En la transición y posterior alternancia el Presidente ya no tenía la capacidad de decidir quién sería el heredero del poder político, y con ello se robusteció más el respeto de la regla de ceder el espacio de control al nuevo presidente, incluso en algunos casos, el ocupante de los Pinos, literalmente desapareció de la escena nacional.
Esto es importante decirlo porque con las transiciones de gobierno debe tejerse en fino, se debe buscar no afectar la administración pública, la estabilidad política y económica del país, ya que debemos entender que puede ser una lucha de imposición entre poderes que coexisten por un periodo de tiempo.

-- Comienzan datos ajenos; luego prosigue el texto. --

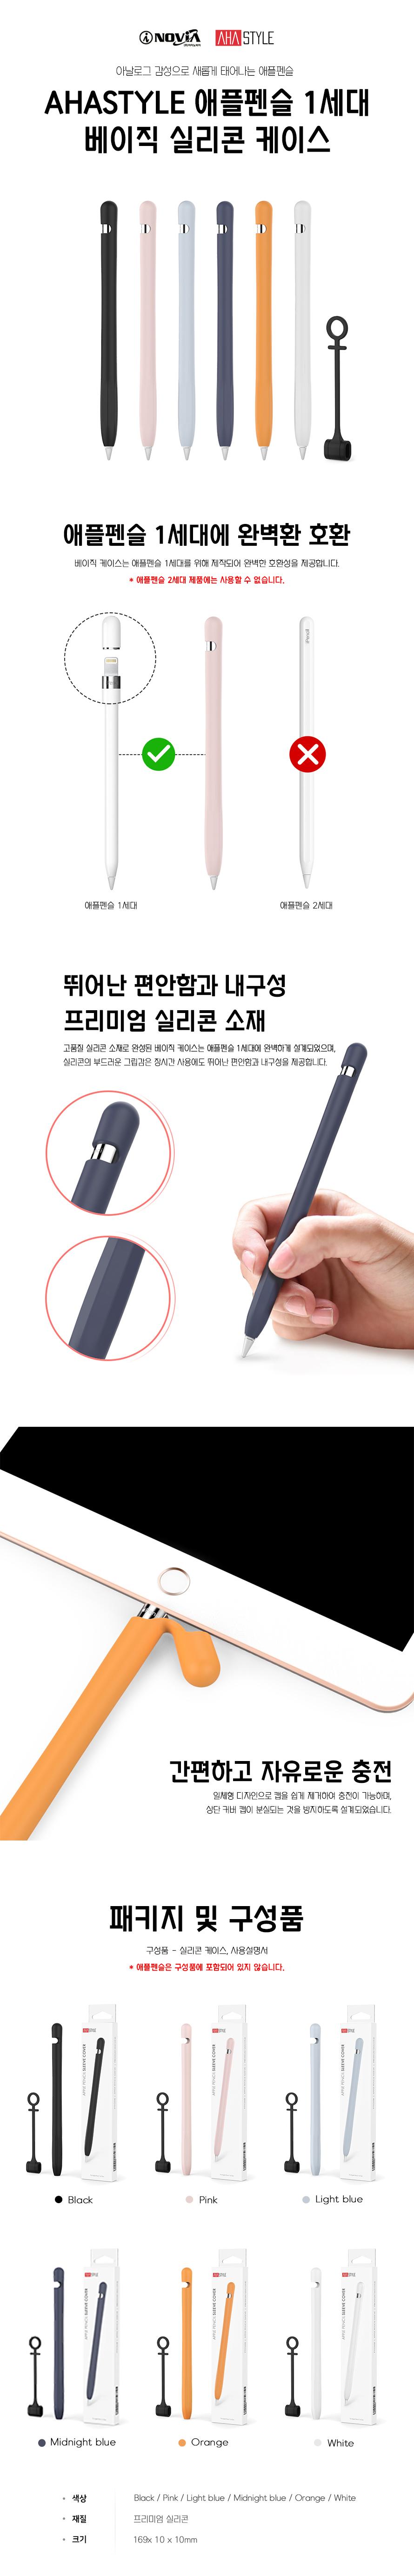 아이노비아 AHASTYLE 애플 펜슬 1세대 베이직 실리콘 케이스

En nuestro país no todas las transiciones han sido las óptimas, en su libro cambio de rumbo”, Miguel de a Madrid Hurtado señalaba que la noticia de nacionalizar la banca de José López Portillo fue una charla breve y que no concluyó en nada, sin embargo, el día del informe estando él presente, se emitió el Decreto y la carga política y económica, la recibiría el nuevo gobierno.
Doce años después, en 1994, la transición fue turbulenta en términos económicos, Carlos Salinas de Gortari cerraba su sexenio con una serie de sucesos traumáticos que habían provocado fugas de capital y por lo que nuevo gobierno encabezado por Ernesto Zedillo, recibió un país con presiones importantes, por lo que el error de diciembre afectó seriamente a las familias mexicanas.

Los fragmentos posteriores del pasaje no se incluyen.